Barriers are real, but groundless. People create them for no apparent reason. There is no reason for new investors to become overwhelmed by barriers, especially if their money is at stake. With this, traders need to think of ways to overcome their barriers. The most common way is to use the techniques and tools to build a solid strategy, then follow it diligently. This is the only way to ensure years of successful day trading.

Educate Yourself

There is no better way to prepare to beat the barriers than education. Once familiar with the ins and outs of day trading, confidence will drive the strategy. New traders need to understand the dangers of the day trading market. Most strategies are built around tools that protect the investor’s capital – not trying to focus on the profits. Investors need to comprehend why a trend moves up or down, why charts vary several ticks, and why something as small as the market opening can change the value of a commodity.

Plan ahead

Most people view day trading as gambling, or label it a scam. This is because they do not invest enough time to learn the science behind the colorful charts. It is suggested that you come up with a trading strategy. Once a trader has a strategy they should run simulations for several weeks, refining the system, and developing entry and exit strategies, looking for indicators, and creating signals. Only when everything is ready can the trader start investing their capital.

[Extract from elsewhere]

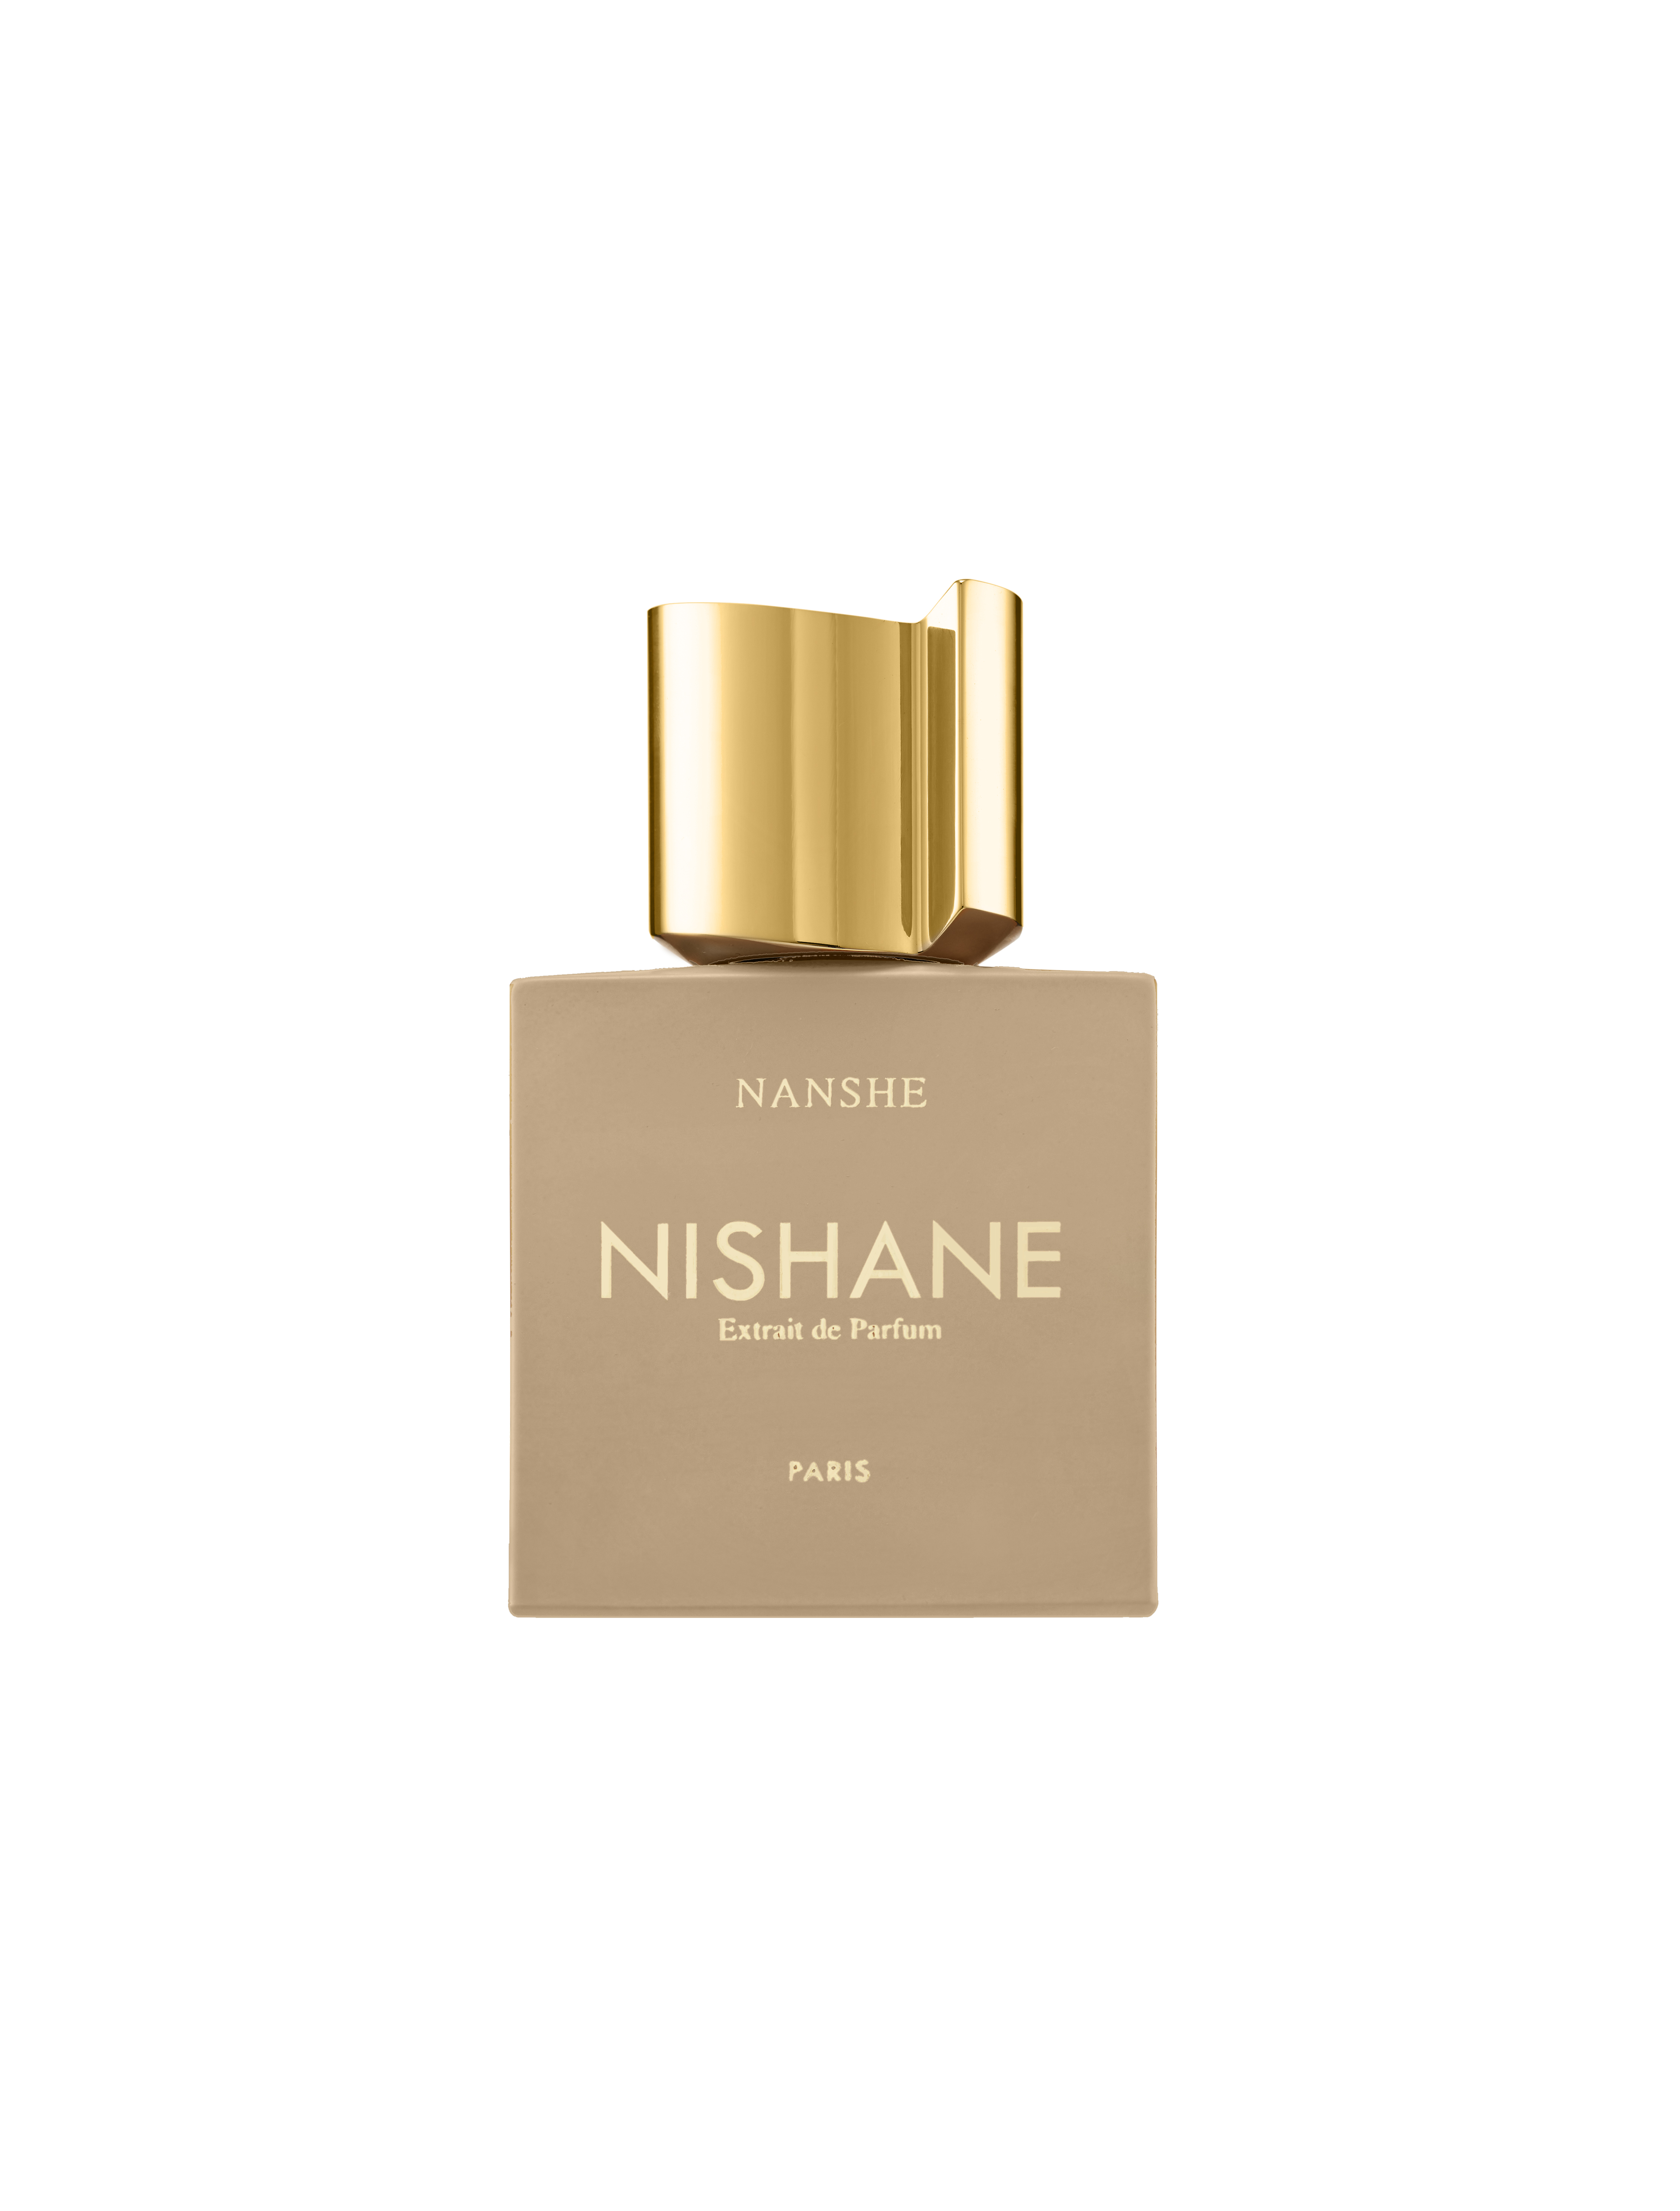 Nishane - Nanshe - Extrait de Parfum 50 ml
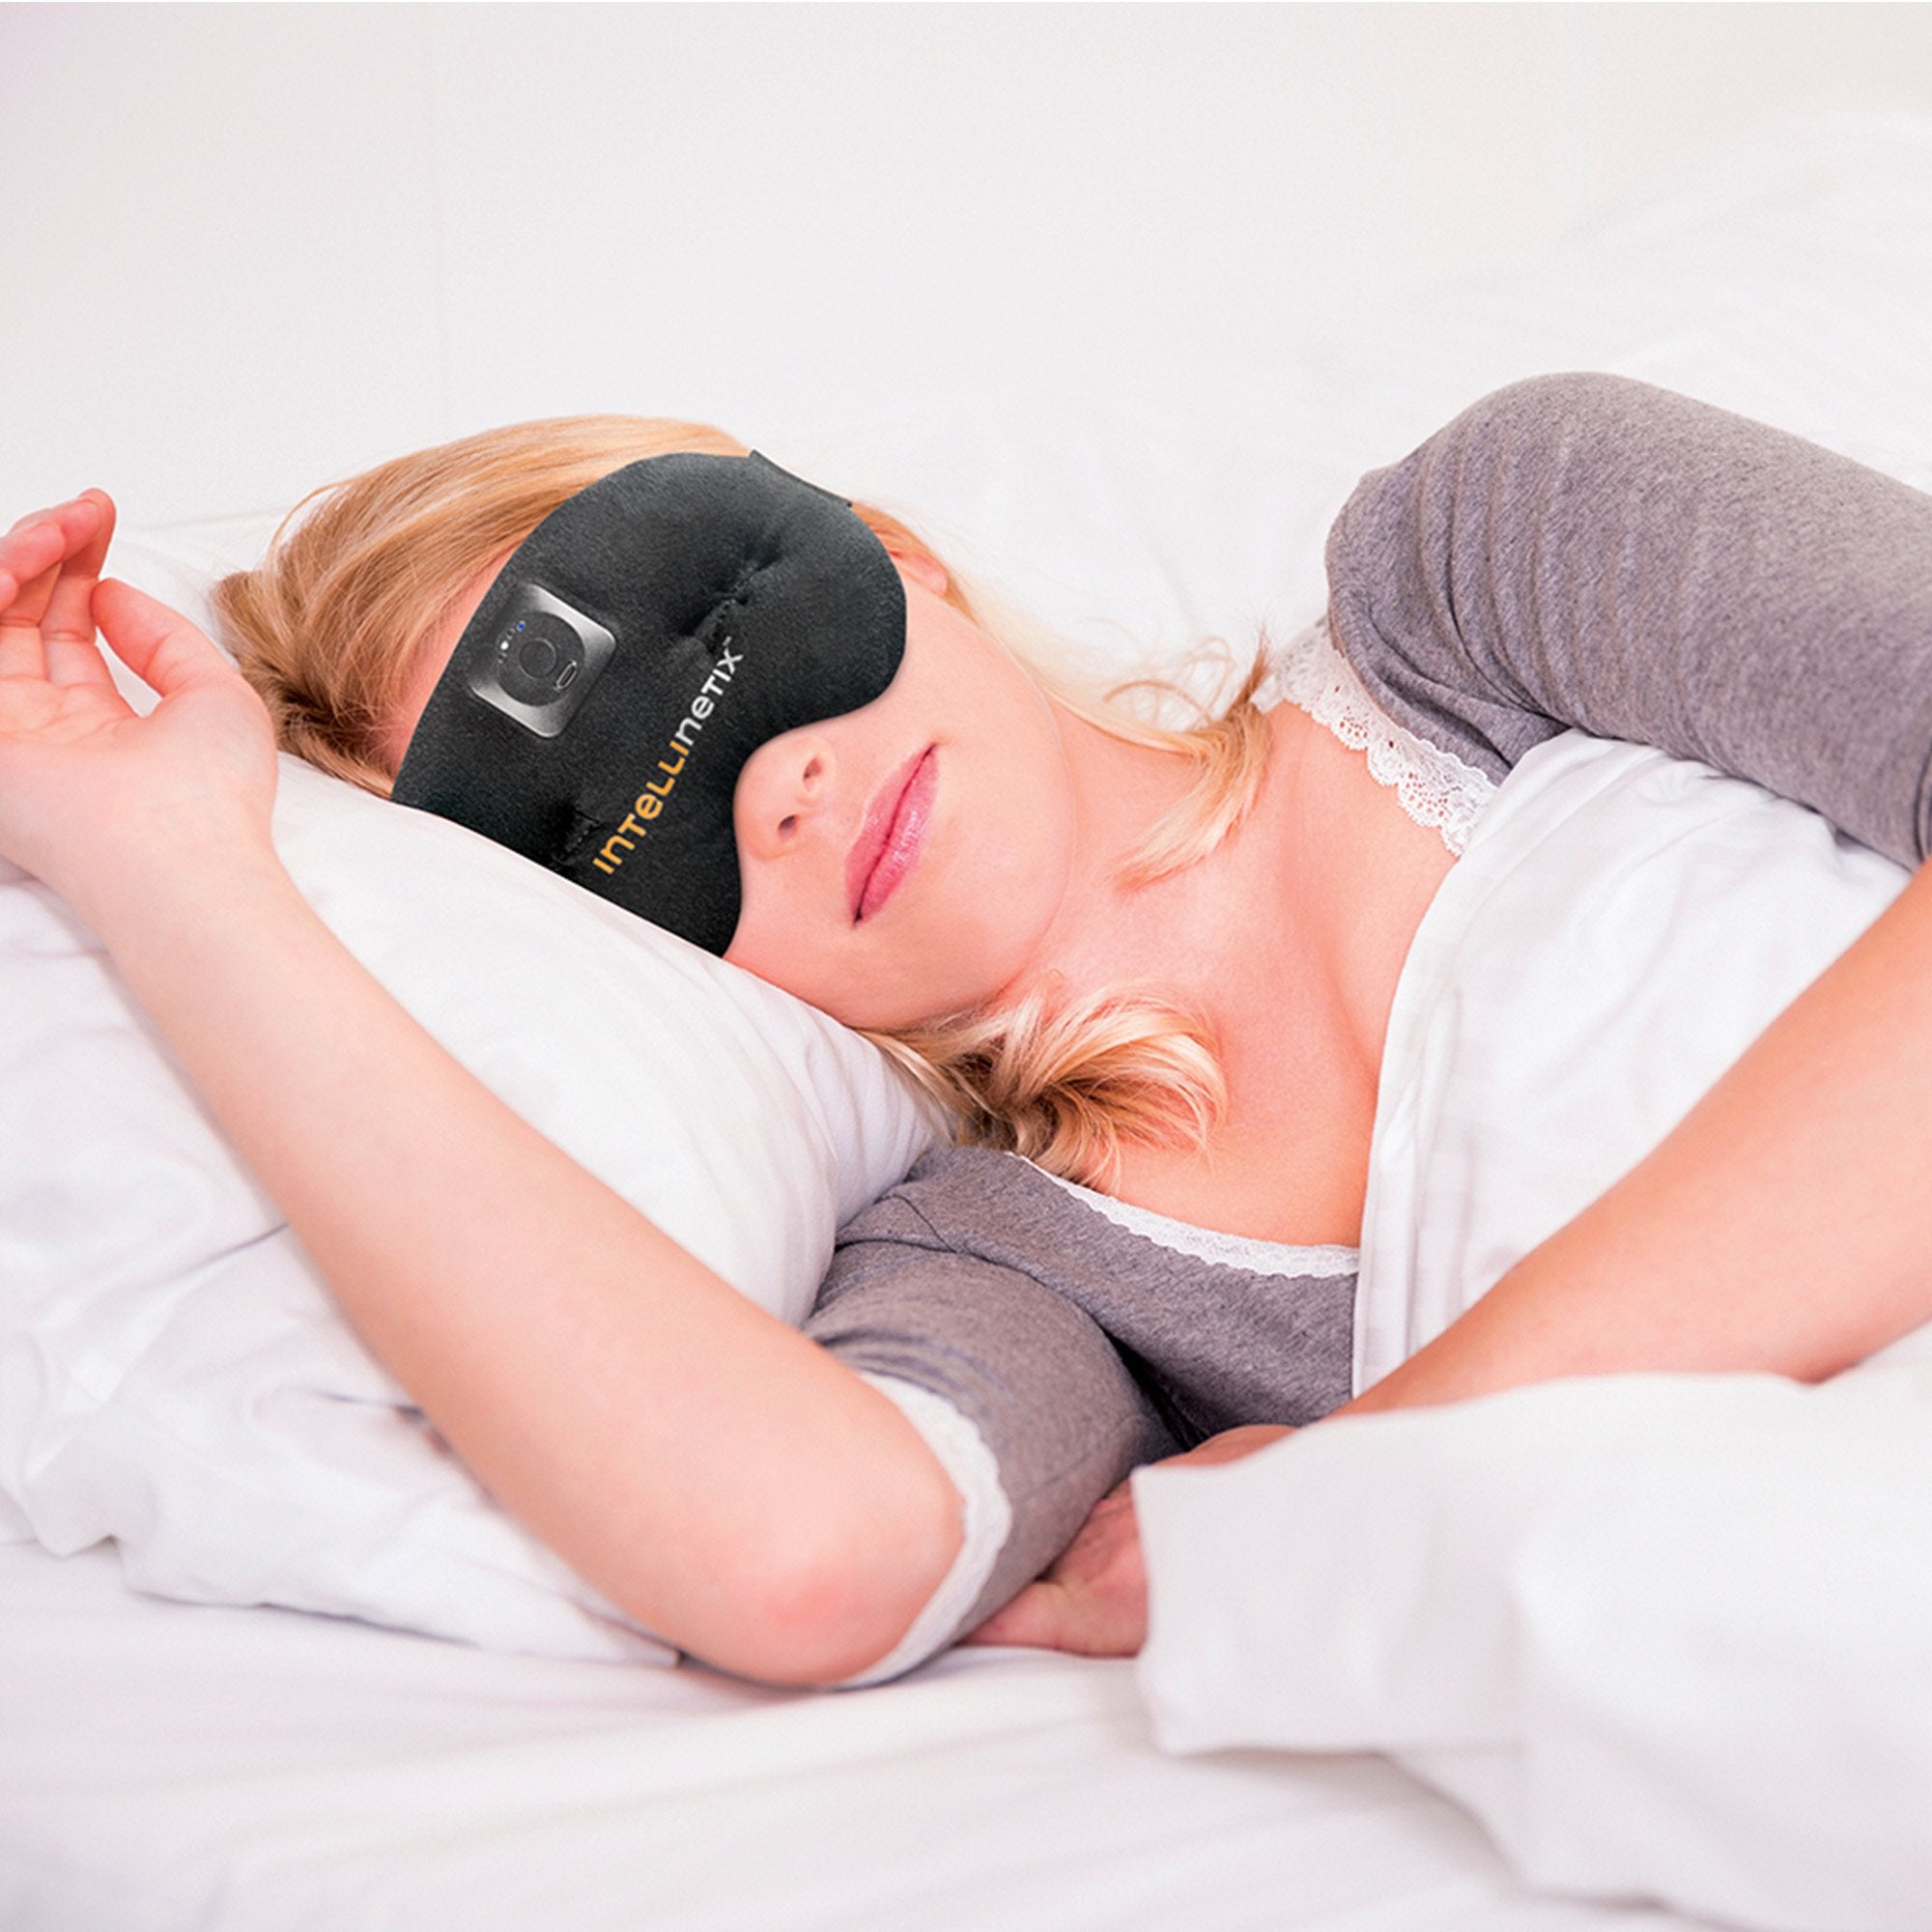 Vibration Therapy Mask Intellinetix Head One Size Fits Most

A trading plan will help you achieve your day trading goals. It will serve as your map to demonstrate. Traders will start to anticipate the paths which are good to walk into and which paths to avoid.

Understand the techniques

The techniques and strategies tell investors how to react to indicators and signals. Example, sell short-term stock strategy. If you have short-term stock that suffers for ten uninterrupted trading days it is best to sell it. This prevents tying capital to weak stocks. By doing so, you will avoid any pitfalls over your capital.

Stocks that are likely to hurl for over 25 % on the first three trading days, it is wise to sell one-half of it. According to trend studies, if you sell any stock which hurls 25 % or further during the first three days, you are more likely to gain profit. This works against common sense, which is why the strategies must be followed diligently.

Day trading techniques have flooded the market. Not all of them are valuable. All you need to do is patiently compile them within your boundaries. The purpose of most is to give the investor a sense of security. Once have a thorough comparison of the available techniques, it is wise to select which ones will be suitable for you.